Feature Matching Data Synthesis for Non-IID Federated Learning

Zijian Li,Yuchang Sun,Jiawei Shao,Yuyi Mao,Jessie Hui Wang,Jun Zhang
2023-08-09
Abstract:Federated learning (FL) has emerged as a privacy-preserving paradigm that trains neural networks on edge devices without collecting data at a central server. However, FL encounters an inherent challenge in dealing with non-independent and identically distributed (non-IID) data among devices.

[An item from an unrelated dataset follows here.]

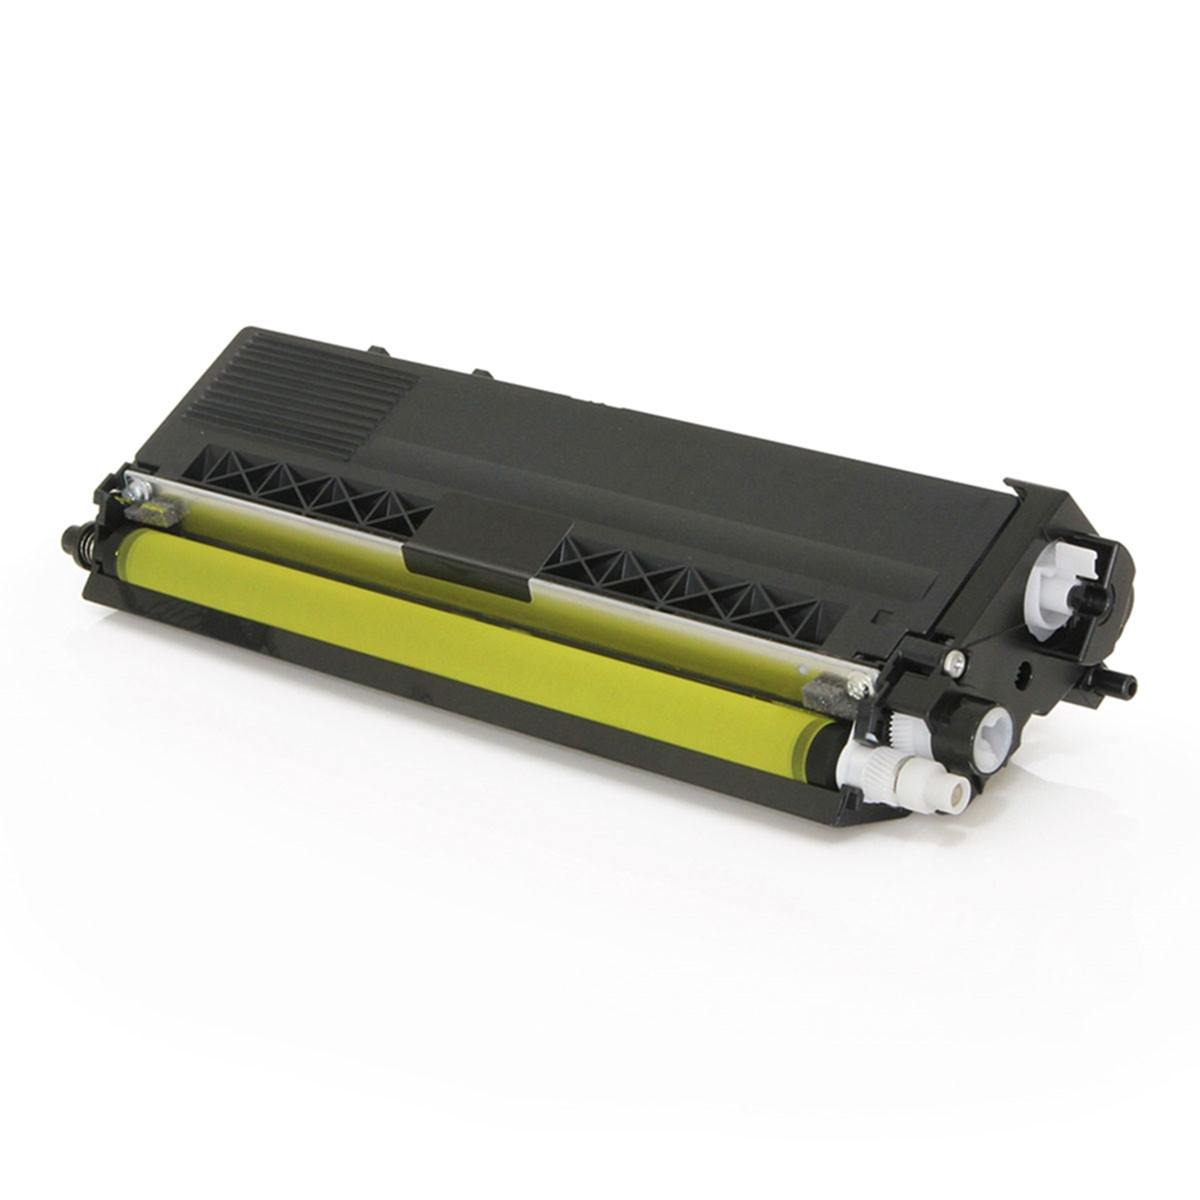 Toner Compatível Brother TN-316Y TN316 Amarelo DCP-L8400CDN MFC-L8600CDW HL-L8350CDW Bestchoice 3.5k

To address this challenge, this paper proposes a hard feature matching data synthesis (HFMDS) method to share auxiliary data besides local models. Specifically, synthetic data are generated by learning the essential class-relevant features of real samples and discarding the redundant features, which helps to effectively tackle the non-IID issue. For better privacy preservation, we propose a hard feature augmentation method to transfer real features towards the decision boundary, with which the synthetic data not only improve the model generalization but also erase the information of real features. By integrating the proposed HFMDS method with FL, we present a novel FL framework with data augmentation to relieve data heterogeneity. The theoretical analysis highlights the effectiveness of our proposed data synthesis method in solving the non-IID challenge. Simulation results further demonstrate that our proposed HFMDS-FL algorithm outperforms the baselines in terms of accuracy, privacy preservation, and computational cost on various benchmark datasets.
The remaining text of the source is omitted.